- **RAW DATA**:
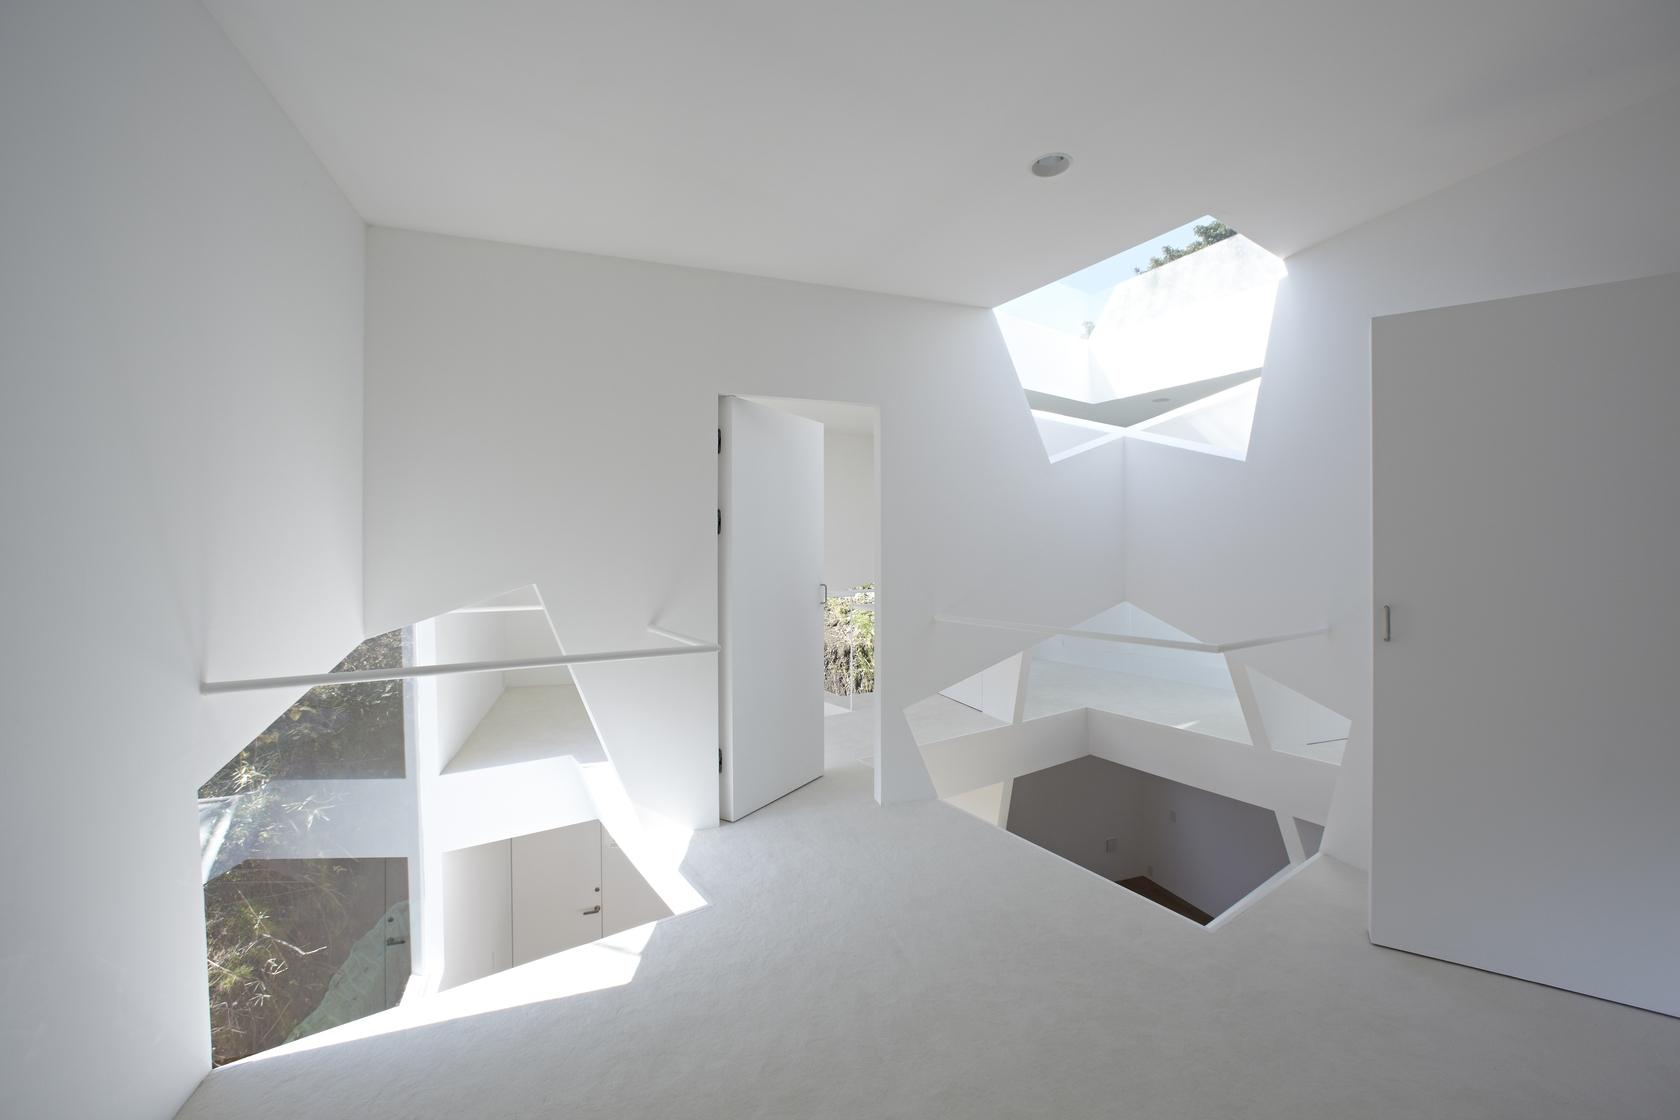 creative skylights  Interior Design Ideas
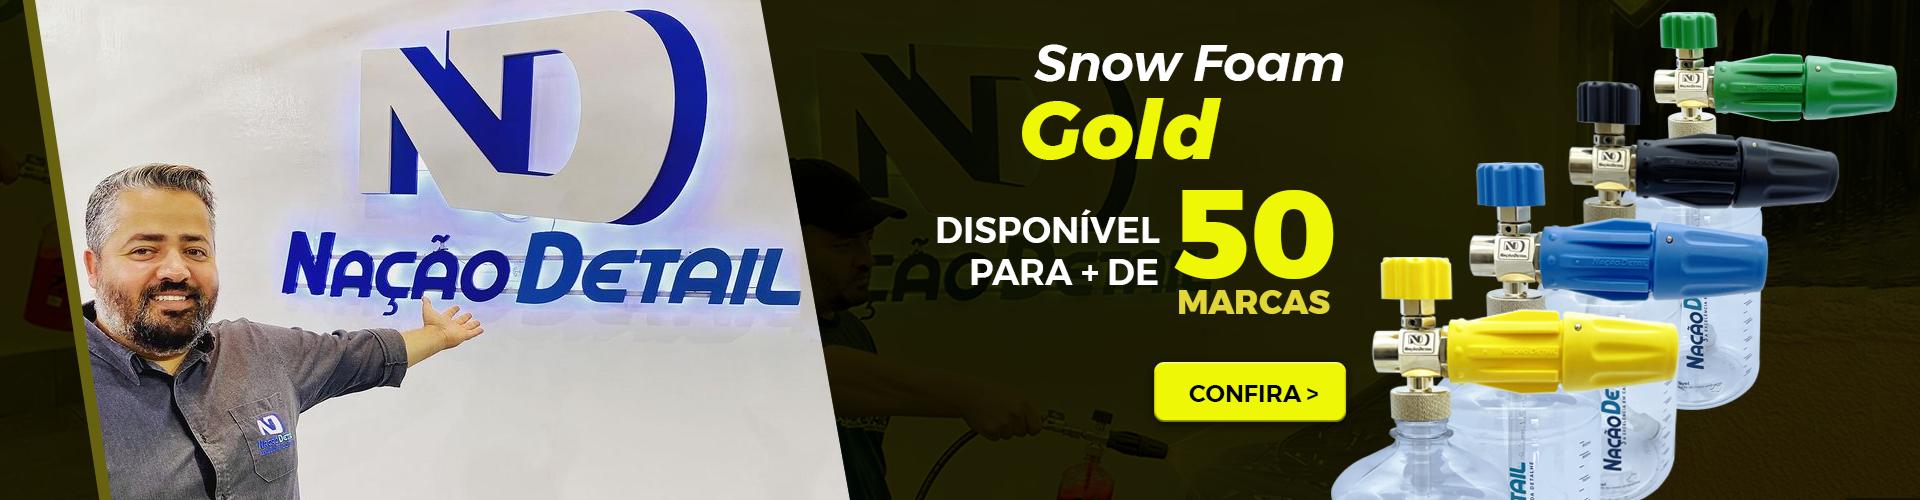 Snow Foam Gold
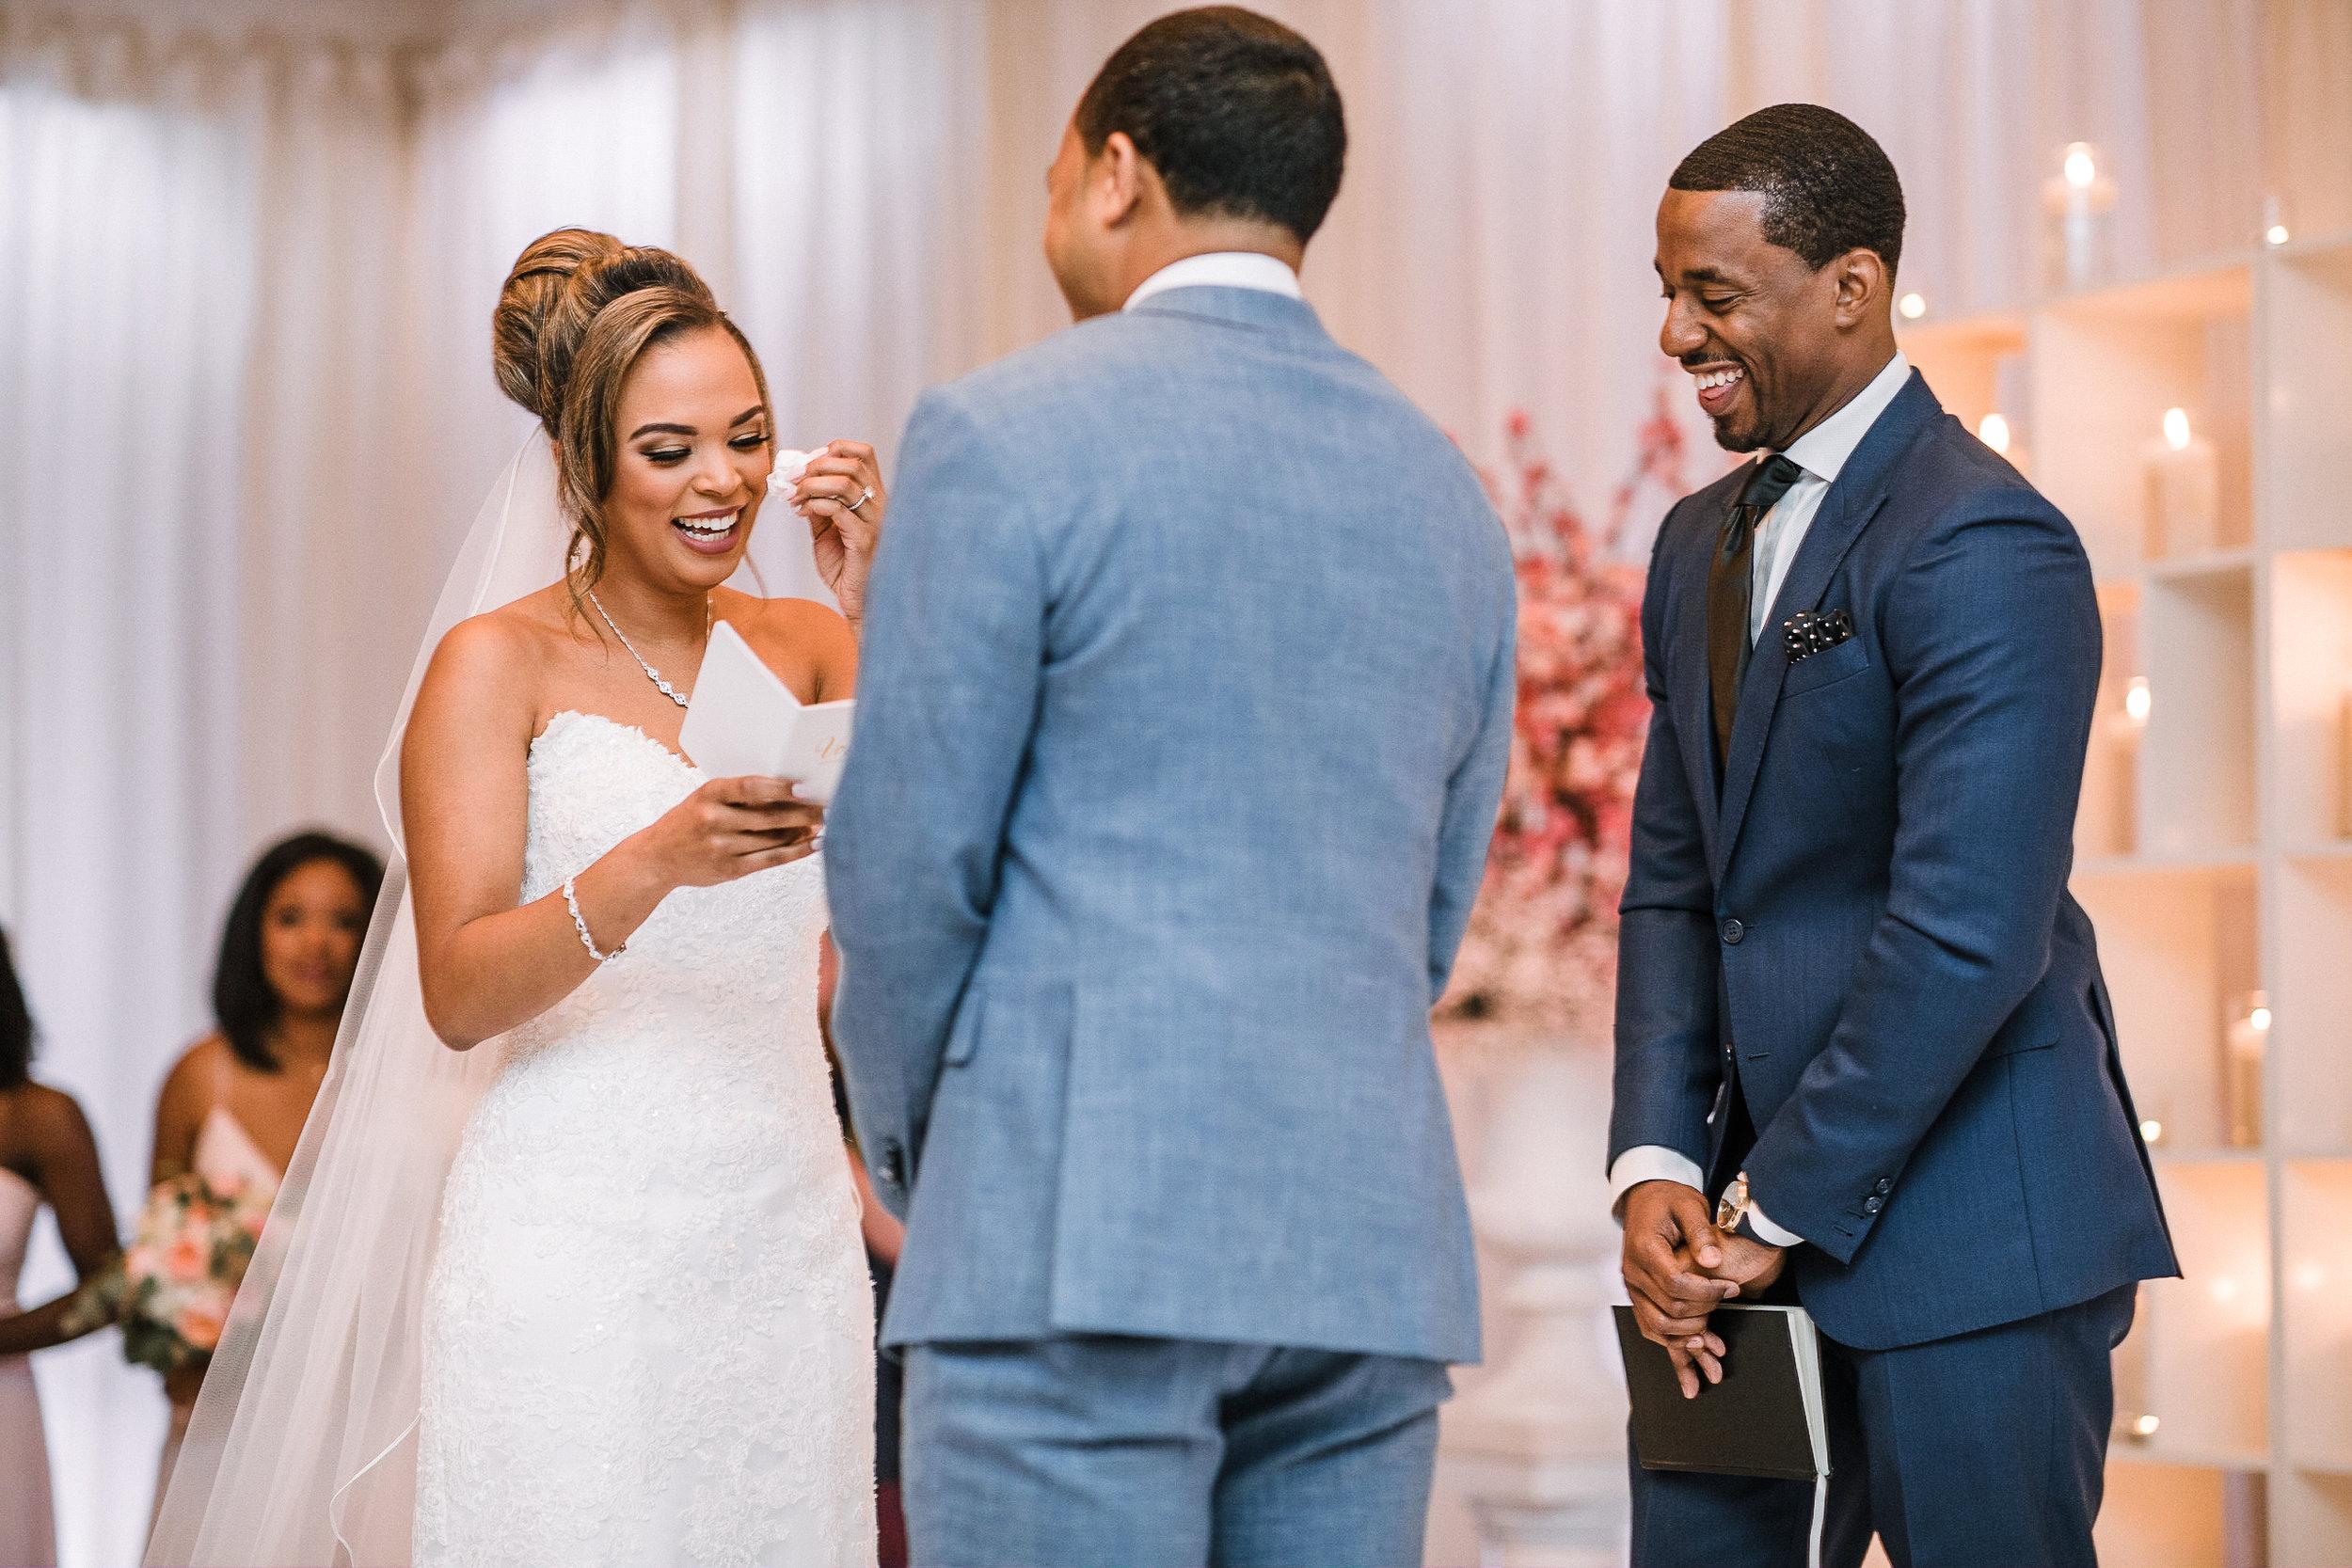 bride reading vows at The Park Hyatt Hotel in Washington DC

- **PROBLEM REQUIREMENTS**:
Would you give the data above again word for word, minus the pictures?

- **THE COMPLETED TASK**:
 creative skylights  Interior Design Ideas
 Snow Foam Gold
 bride reading vows at The Park Hyatt Hotel in Washington DC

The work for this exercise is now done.